Recently, I told a friend that I had sunk around 200 hours into Skyrim, Bethesda’s utterly brilliant open-world fantasy adventure, upon its original release in 2011. It’s not really that shocking a statistic, I reasoned. I mean, 200 hours equates to roughly 10 days, if one chose not to sleep, eat, visit the small room or perform any of the basic human functions other than breathing. “Och, that’s nothing,” my friend said. “I racked up 500 hours.” This might sound like a ridiculous notion. How could anyone spend so long faffing about with a videogame, you might think. And rightly so, until you actually spent some time with Skyrim, because if you did you would subsequently find yourself spending a lot of time with it.
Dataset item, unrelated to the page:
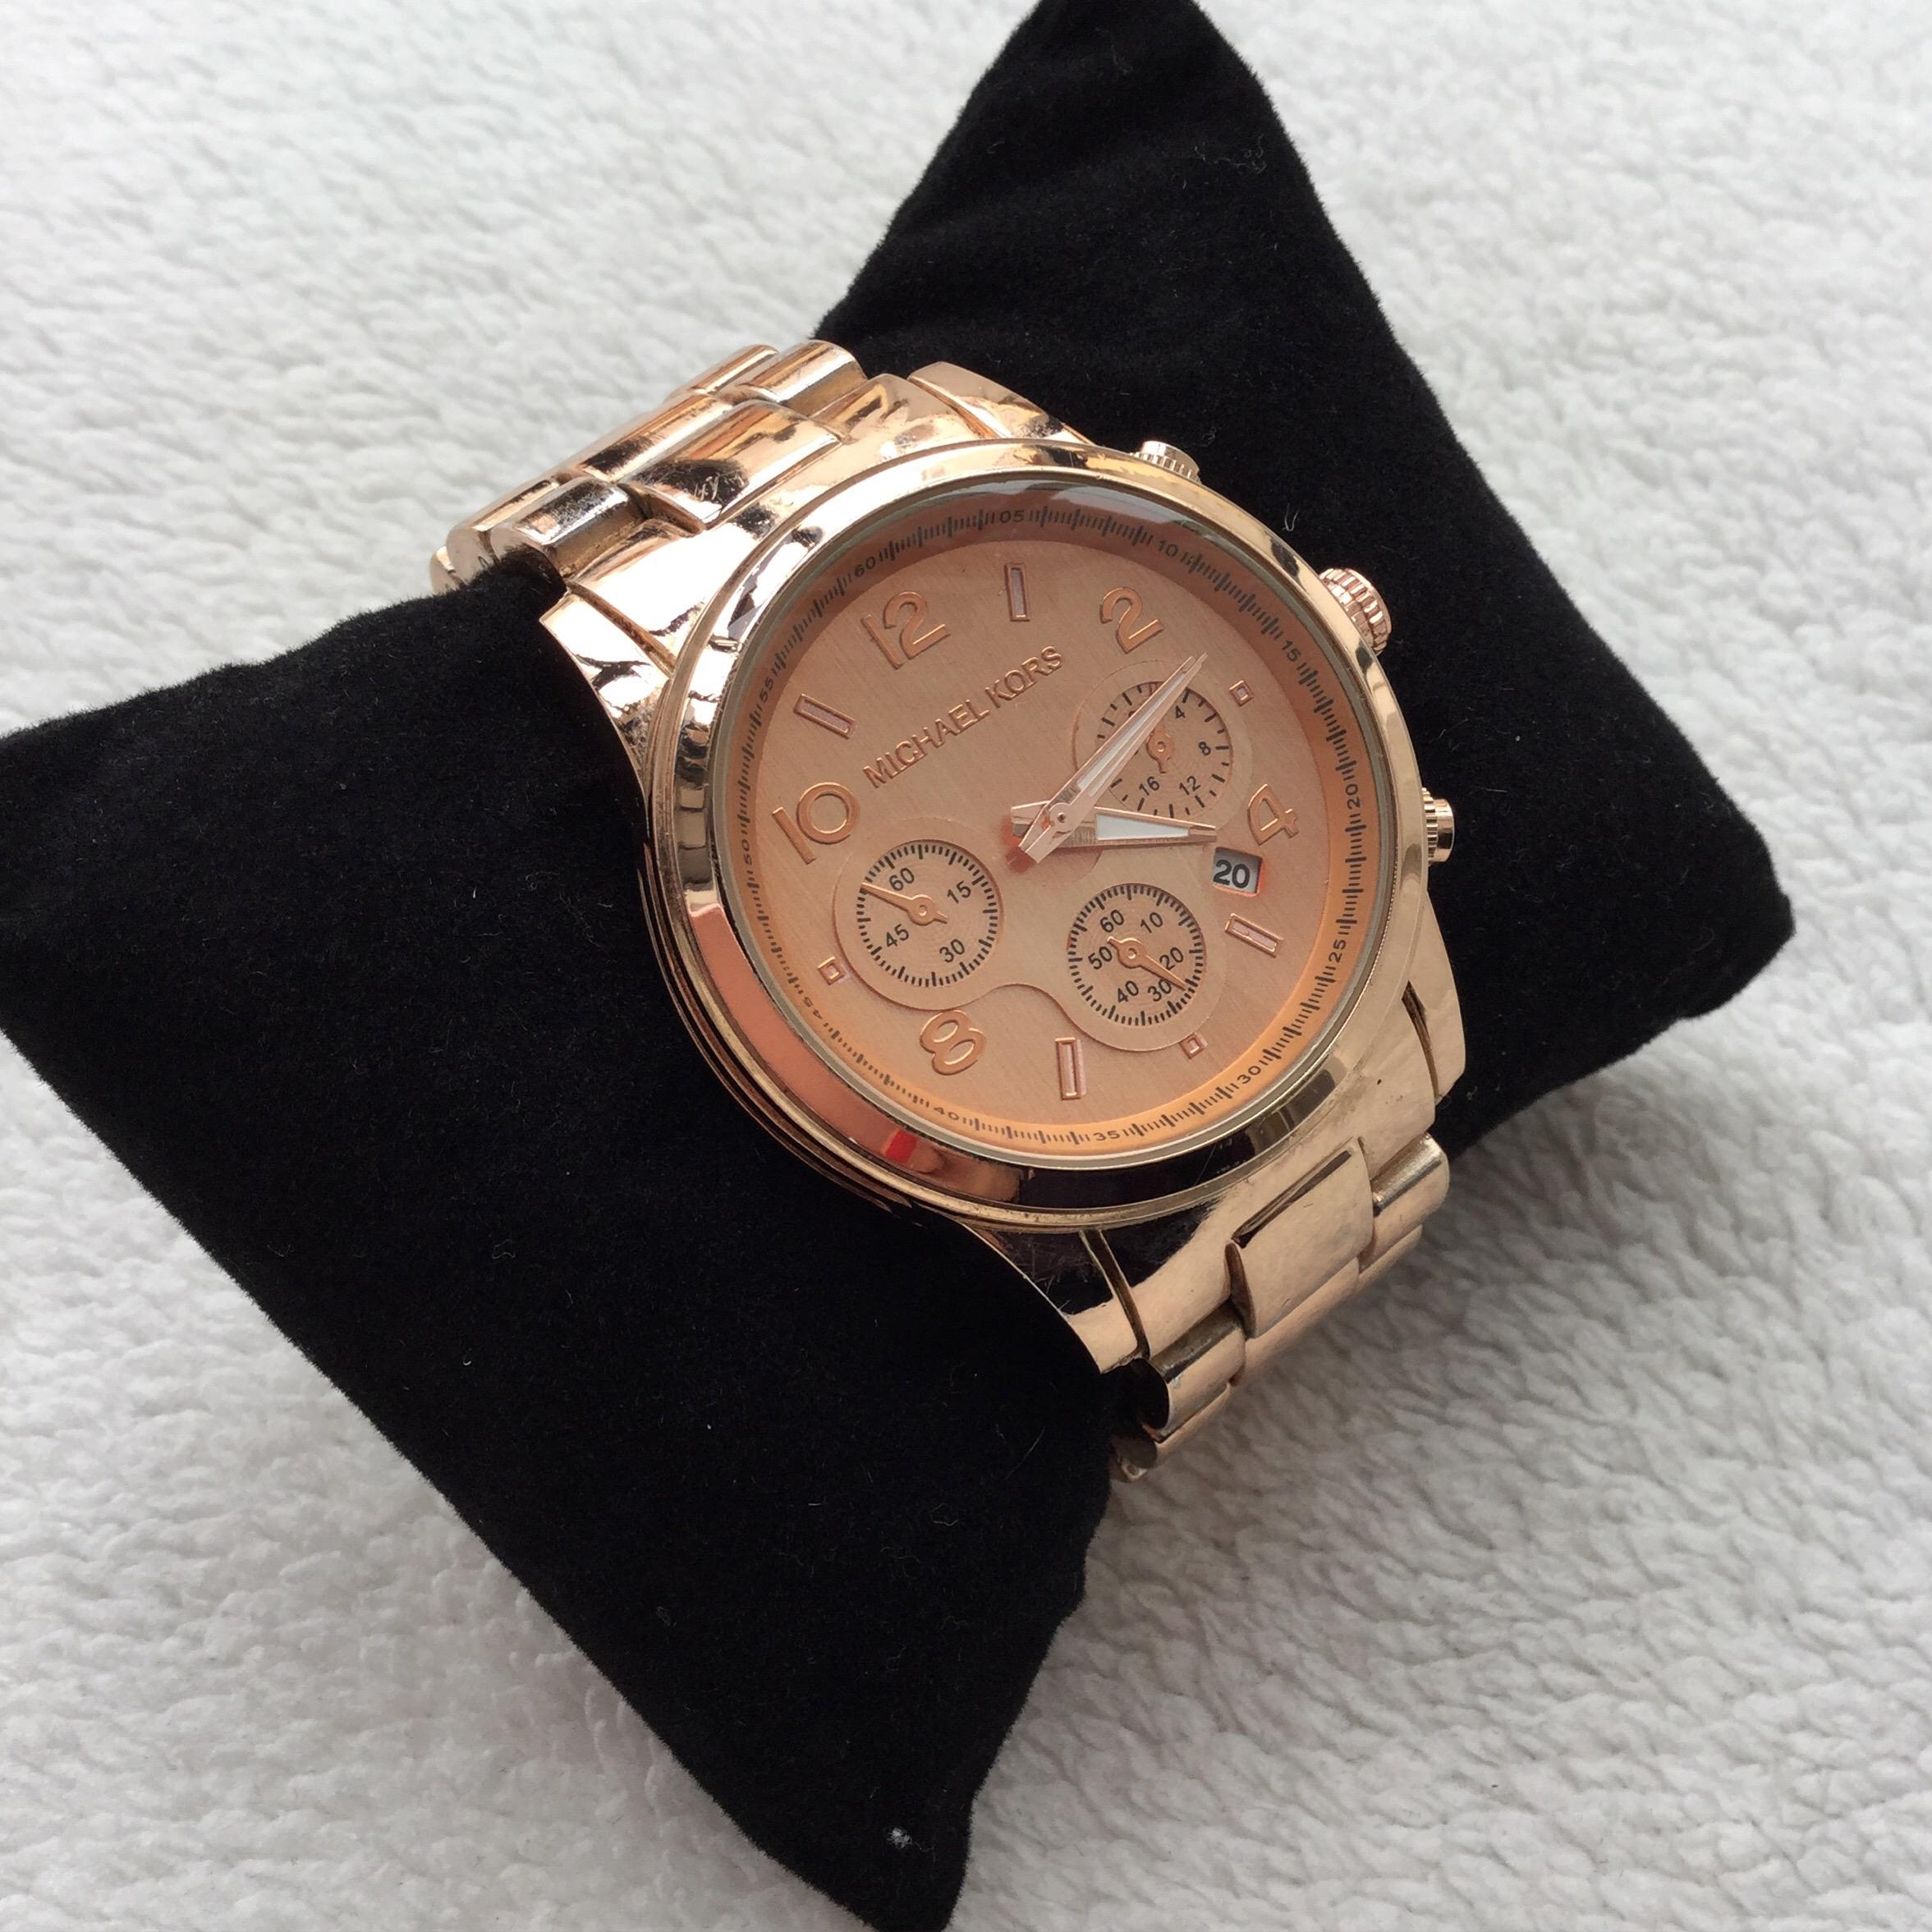 c6e6dc452e93 relojes chanel aliexpress

Skyrim offers the same sort of wonderment bequeathed upon players by titles such as The Legend Of Zelda: The Ocarina Of Time and Chrono Trigger. It is the sort of game where anything seems possible, where any and every choice, no matter how bizarre, has been catered for by the designers just in case a smattering of players might try and do it. Skyrim is a game that is deep and broad and rich in detail, and one that you daydream about when you are not playing it. Seriously, that is no word of a lie. There are days, particularly in recent turbulent weeks when life really has appeared, to quote Hobbes, “solitary, poor, nasty, brutish and short”, when it is preferable to spend time in an entirely imaginary world.
And what a world it is. The universe of Skyrim is truly massive, at times so massive that it can be overwhelming. The opening section of the game, a ride on a cart followed by a perfunctory fight with a dragon, if there can be such a thing, does little to prepare you for the boundless wonders to follow. Subsequent dragon fights, for example, are breathlessly exciting: wandering up a snowy mountain or ambling by a glittering stream, you see a shadow swoop across the ground, hear the music swell, and then an enormous beast thwomps down in front of you. Moments like this are pure gaming gold, and there are many, many of them.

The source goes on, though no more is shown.